I participated in NaNoWriMo this year, in spite of my objections to the use of the word “National” in the title of what is by now surely a global event. GloNoWriMo works just as well.
Anyway, I squeezed out 50000 words, somehow, in this hard term for teaching with a workload to die
Don’t know if I’ll finish it, or even if I could if I wanted to. I don’t know if I could come up with an ending. I’ve done it in the past: you just write and write and while you’re writing, inspiration can strike, and you suddenly get that hook, the thing that’s going to drive you towards some sort of ending. But it’s probably a symptom of general tiredness that I wasn’t really feeling it this year.
And yet: I dribbled out 50,000 words, by putting together a couple of ideas I’d had in the past and trying to make them work together.
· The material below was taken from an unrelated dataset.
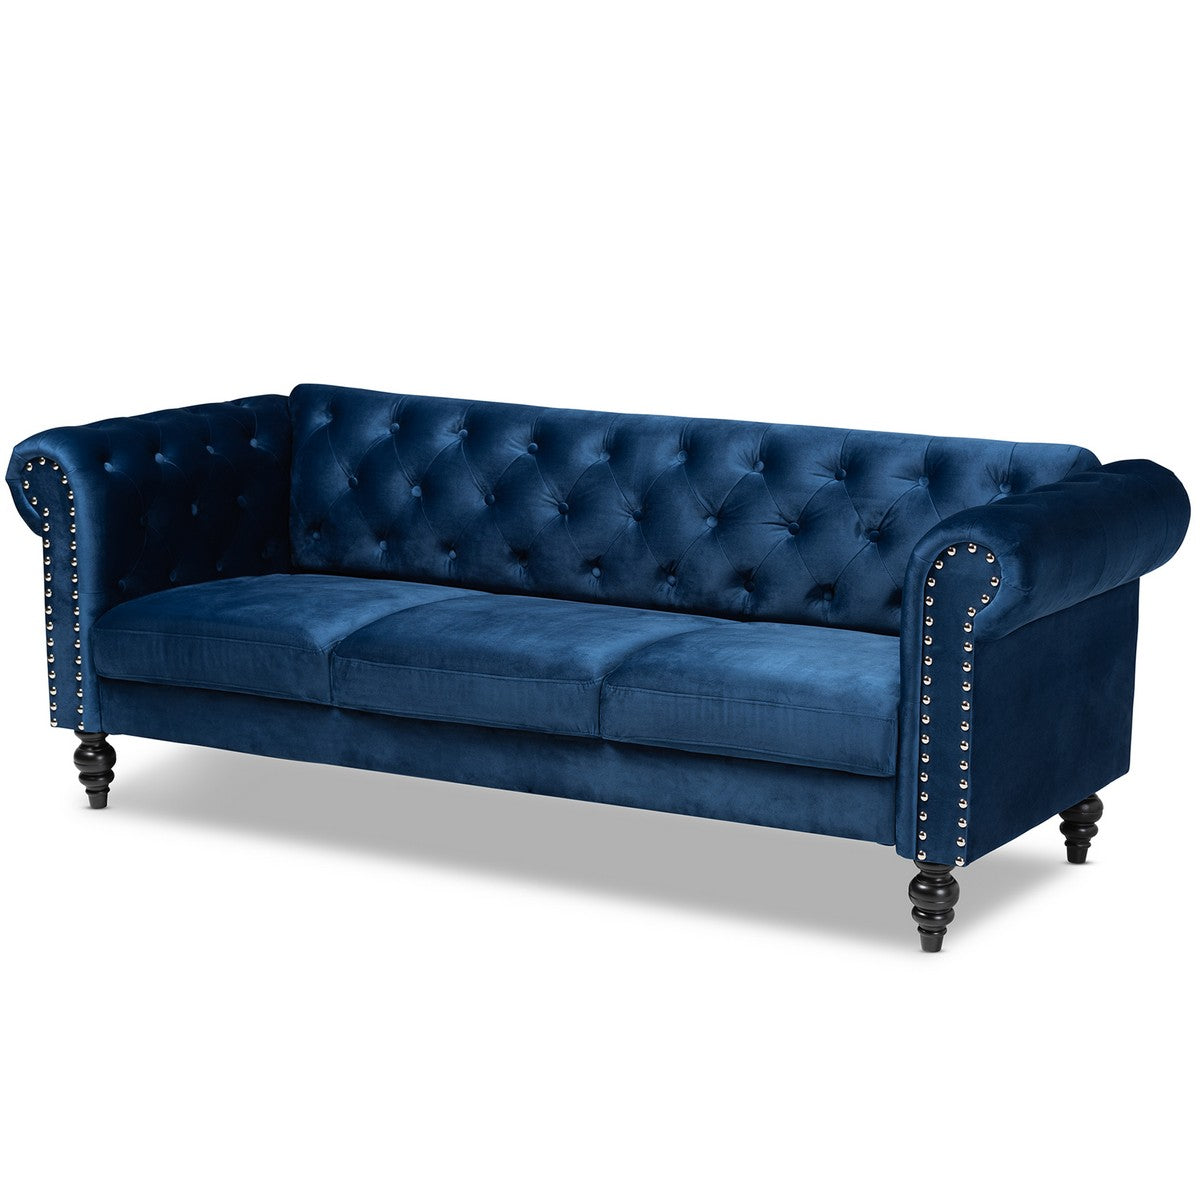 Baxton Studio Emma Traditional and Transitional Navy Blue Velvet Fabric Upholstered and Button Tufted Chesterfield Sofa Baxton Studio-sofas-Minimal And Modern - 1

You’ll be wanting to know what it was about. It’s about a widower who is presented with an opportunity to find out why his journalist wife was murdered fifteen years before. By resurrecting some old technology, he and a retired cop come across documents left by his wife which lead them in a direction previously unexplored.
That’s the bones. Which is all I really banged out in November, without knowing how it would end. I left it in the middle of things, on the South Bank of the Thames, with the red lights winking on the construction cranes. Just abandoned it, with relief, as I crossed the 50,000 word target.
In writing the material left by the wife, Jo, on old floppy disks, I was confronted with the problem of digging back to the turn of the century. What was it like back then? I mean, if you were travelling abroad in the summer of 2000, what network access would you have had, what phone would you have been using? How much was the internet a part of your life? I’m sure I’ve dropped things into sentences that make no sense in the world of 2000 or 2002.
I didn’t have a mobile phone till about six or seven years after that, although I did have a Palm Organiser with a colour screen and a stylus that I synched to my Mac. Had absolutely no use for it, of course (got it from Macworld for a Letter of the Month). Those days! As for the internet, I think we got that at home while I was doing my PhD, late 90s, but if I’d been abroad in 2000 (as I almost certainly was at some point), I’d not even have missed it back then.
But it’s by creating these problems and limitations for myself that I hope to unlock something interesting. I just have no idea what.